— Разумеется. Хотя на первый взгляд может показаться, что это и не так. Когда непосвященный смотрит на соревнования фехтовальщиков, он определяет, который лучше, только по результату. Ему трудно уловить стиль — слишком быстры и тонки комбинации, слишком неуловимы движения. Точно так же для непосвященного (зрителя или актера) театр, кино, телевидение, эстрада — все сливается в единое понятие — актерская игра. Оценка — хорошо или плохо, нравится или не нравится. Я подчеркиваю, что непосвященными в этом смысле бывают не только зрители, но и актеры и режиссеры, работающие не покладая рук в этих театрах. На мой взгляд, работа актера в разных видах искусства — близко лежащие, но все же различные профессии. Из одного корня, но в разные стороны. Я бы сравнил их со славянскими языками — понять с некоторым усилием можно и серба и болгарина, не изучая специально языка. Но чтобы заговорить на этом языке, нужно многое. Примениться к технике телевидения театральному актеру нетрудно, но повести за собой эту технику, заговорить на языке телевидения — это другая профессия.

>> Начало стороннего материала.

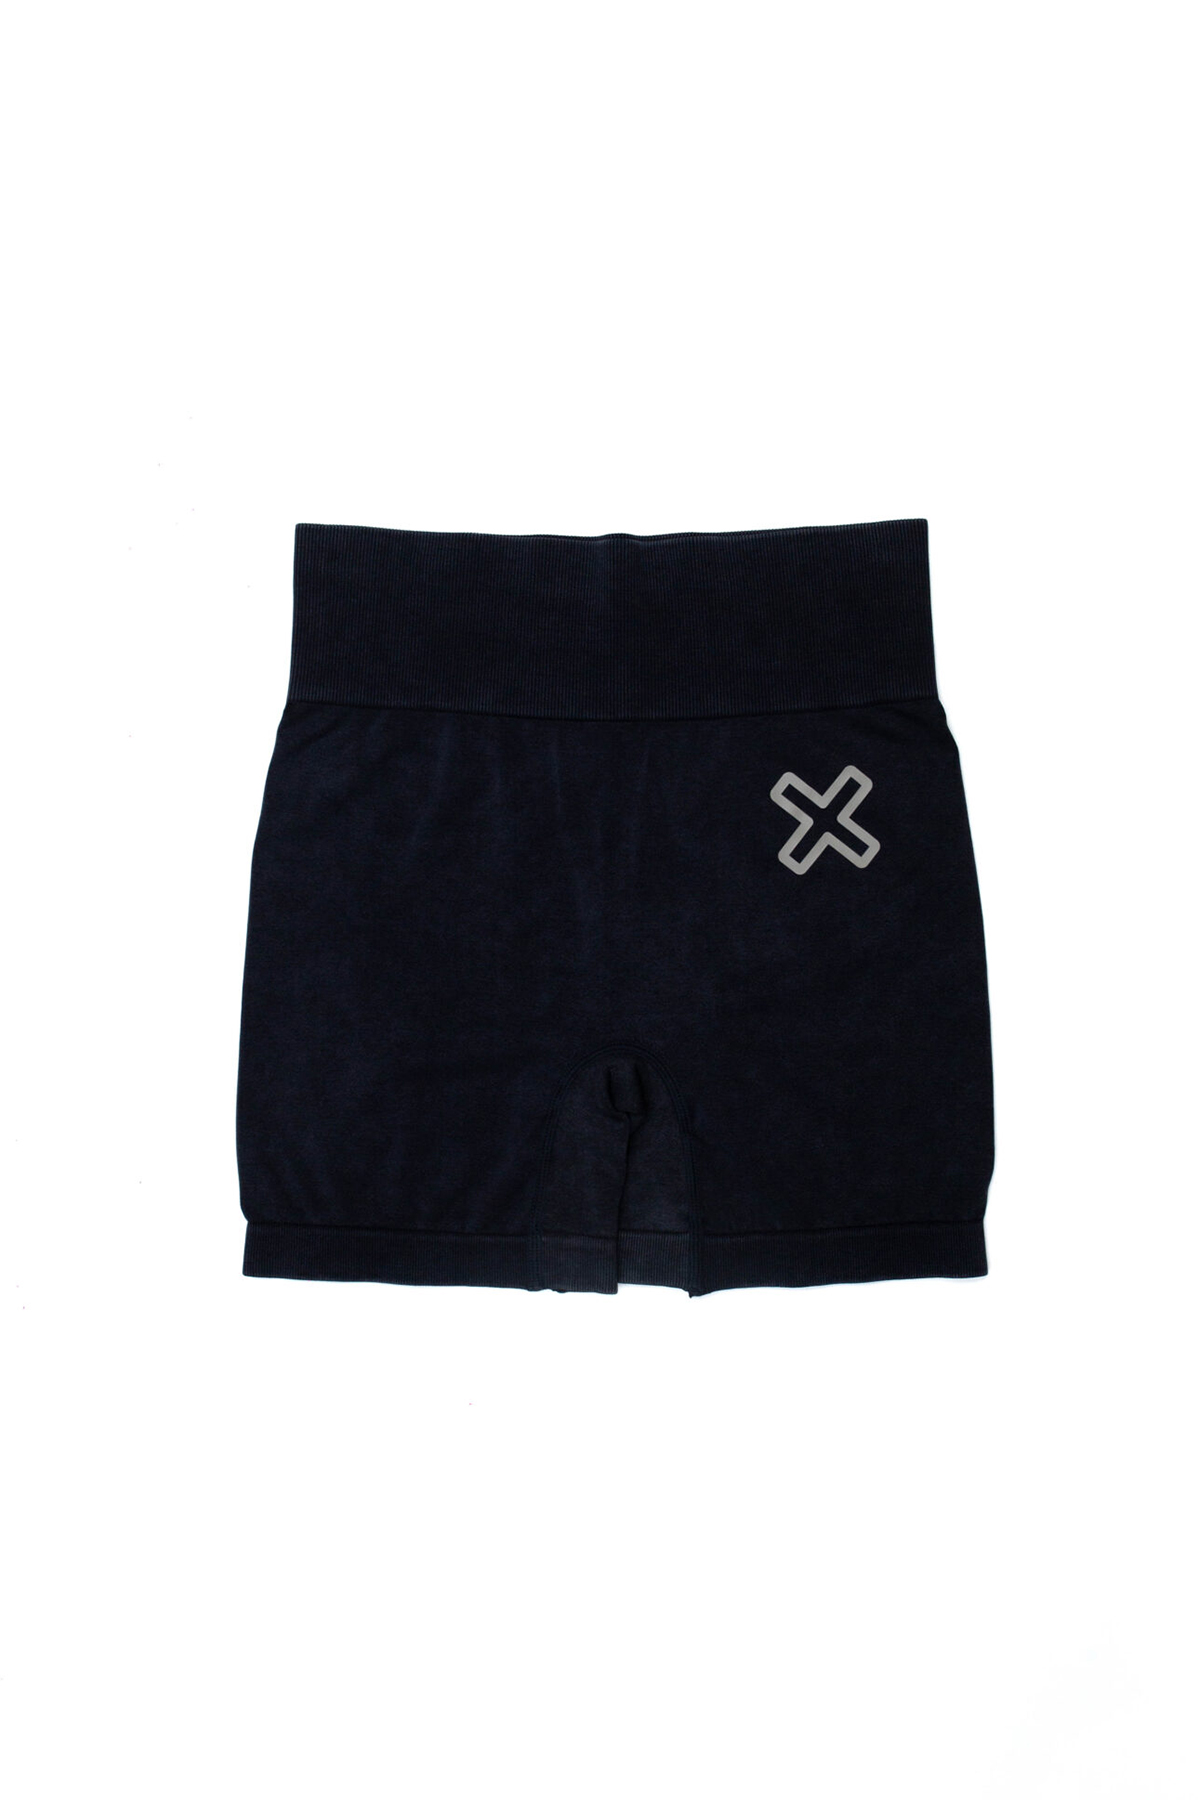 Time-Out-X-High-Waist-Seamless-Workout-Shorts—Black—Front
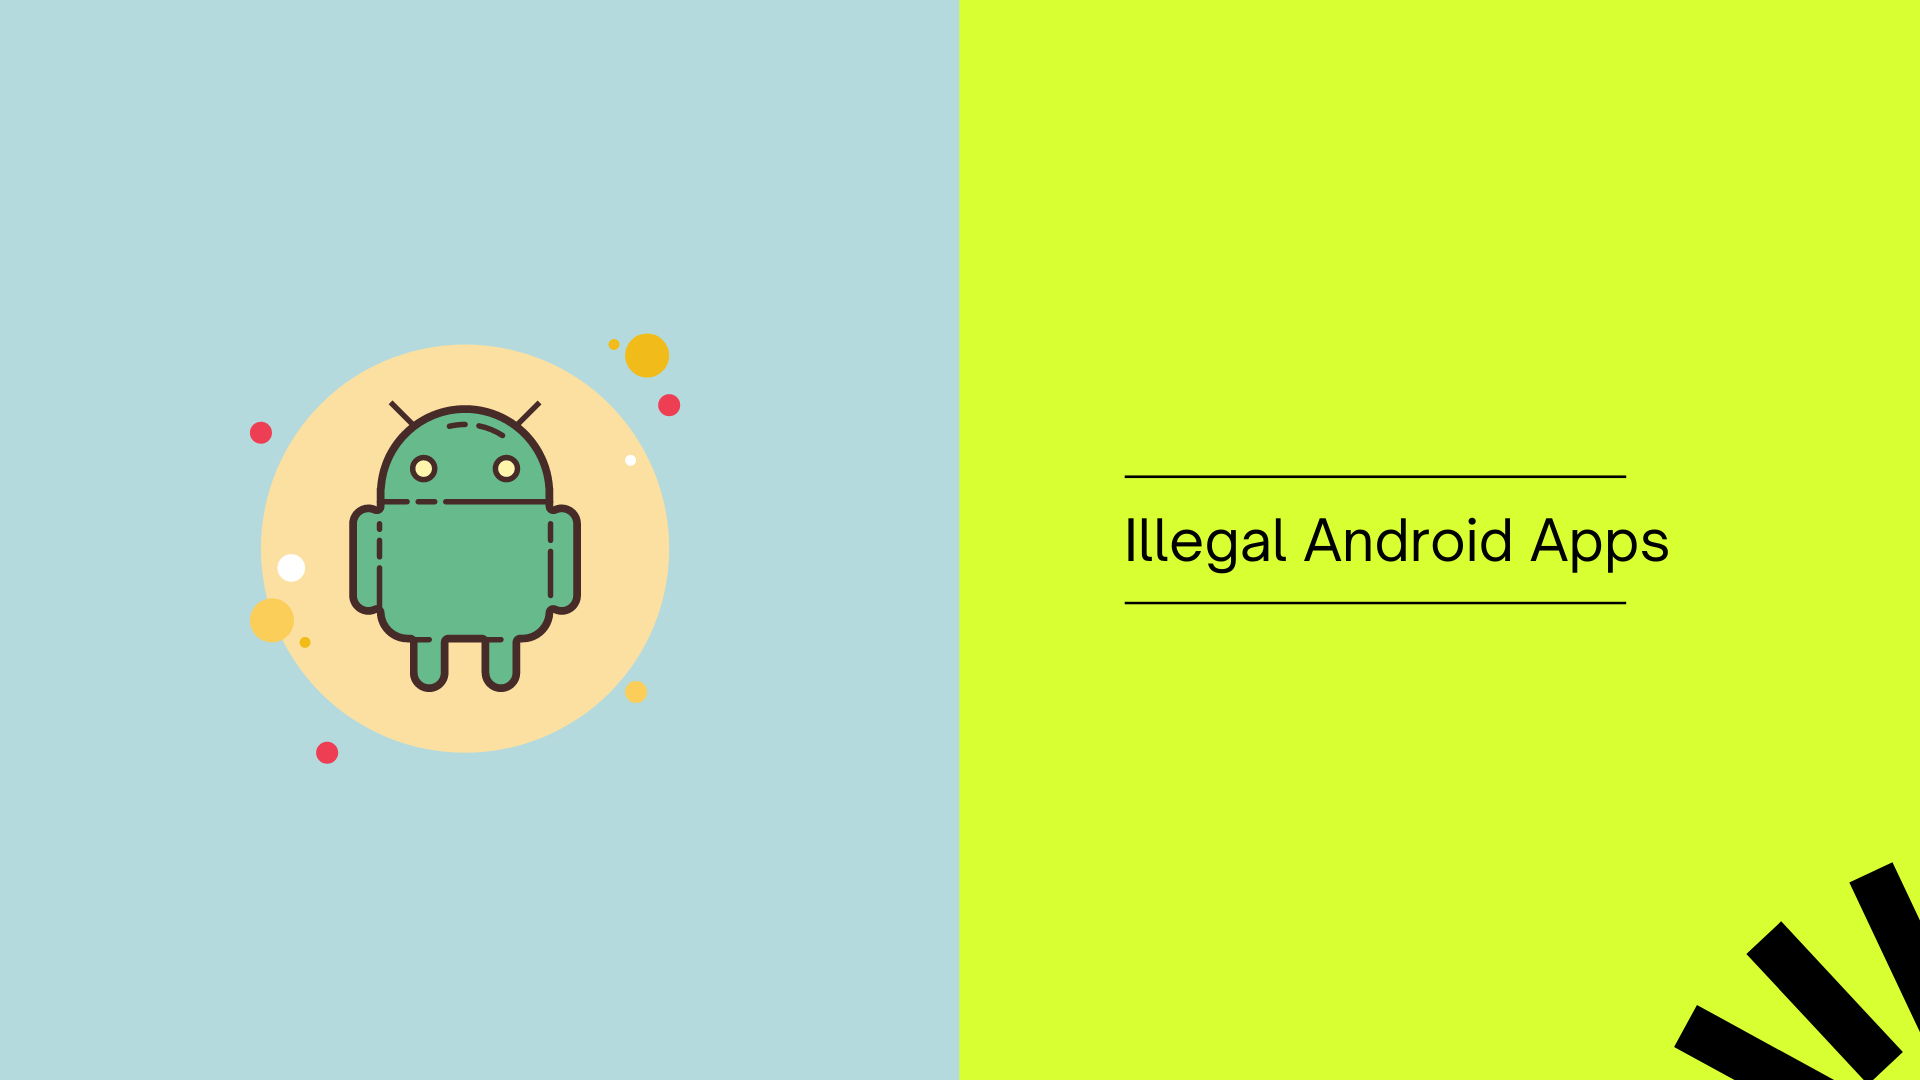 Illegal Android Apps

— В чем ее существенное отличие?
— Телевидение — искусство без дубля. Кино живет дублями и их отбором, театр живет повтором, рядовым спектаклем. На телевидении играешь единственный раз, сегодня, сейчас. Если передача повторяется, тиражируется — это чисто техническая задача. Актер на телевидении играет один раз, сразу обращаясь ко всем, к каждому. Мне кажется, что это ощущение единственности данного представления составляет одну из главных особенностей актерской работы на телевидении.
С чем это сравнить? С театральной премьерой без последующих спектаклей? Попробуйте в театре предложить актерам репетировать пьесу, заранее зная, что она пройдет один раз. Ничего не получится. Другой настрой, другое искусство. Однажды можно показывать либо сделанное совершенно, закрепленное многогранным опытом в других видах искусства — так переносятся на телевидение готовые театральные спектакли, эстрадные номера, — либо попробовать импровизировать в этот единственный раз, вдохновившись единственностью, особой атмосферой, когда ты говоришь не со зрительным залом, а с каждым из многих отдельно. Это, по-моему, и только это и есть телевидение. Передача должна отличаться от репетиции гораздо сильнее, чем отличается генеральная в театре от премьеры.
— Вы говорите: импровизация. Но почему?
— Потому что должно быть соответствие между мерой внимания зрителя и отдачей, мощностью работы актера. Театр, эстрада, кино — искусства публичные. Зритель затрачивает целый ряд усилий для того, чтобы начать смотреть: покупает билеты, собирается, сдает пальто и, наконец, главное — объединяется с другими зрителями в новое и живое тело — зрительный зал. Телевидение — искусство личное. Путь зрителя к телеспектаклю короток — поворот ручки настройки. Поэтому внутренний настрой зрителя невысок. Чтобы произошел контакт, актер не должен говорить с одним не вполне внимательным человеком, сидящим дома, как говорят с готовой слушать массой. Способ игры, мера подготовленности актера должны быть уравновешены с мерой начальной заинтересованности зрителя. Отсюда вывод — для меня телевидение — искусство эскизное, допускающее гораздо больше импровизации в момент представления, чем кино и театр. В этом привлекательность, в этом своеобразие.
— Но в этом ведь и опасность! Опасность «выдать» в эфир несделанное!?
— Да, но эскиз не должен быть небрежным. Незаконченное, несделанное вообще нельзя показывать. Играть для каждого отдельно вовсе не значит играть по-домашнему — безответственно и не затрачиваясь. Импровизация должна иметь твердую, но очень подвижную основу. Все эти проблемы встали передо мной, когда в 1965 году по инициативе моего друга — талантливого и опытного телевизионного режиссера Александра Аркадьевича Белинского — я взялся за сложное дело — прочесть по телевидению всего «Евгения Онегина». Восемь глав — восемь передач. На эстраде я «Онегина» не читал, наизусть его не знал. Большая любовь к произведению пришла ко мне как раз в этот год, была для меня новой, волнующей. Итак, любовь к произведению, довольно хорошее знание биографии, жизни, характера Пушкина и полное незнание текста. Меня взволновало само сочетание Пушкин — телевидение. Оно показалось мне очень органичным. Уже первая строфа романа в стихах идеально выражает интимное, личное обращение к читателю-зрителю, настойчивое, доверительное, которое так свойственно маленькому экрану.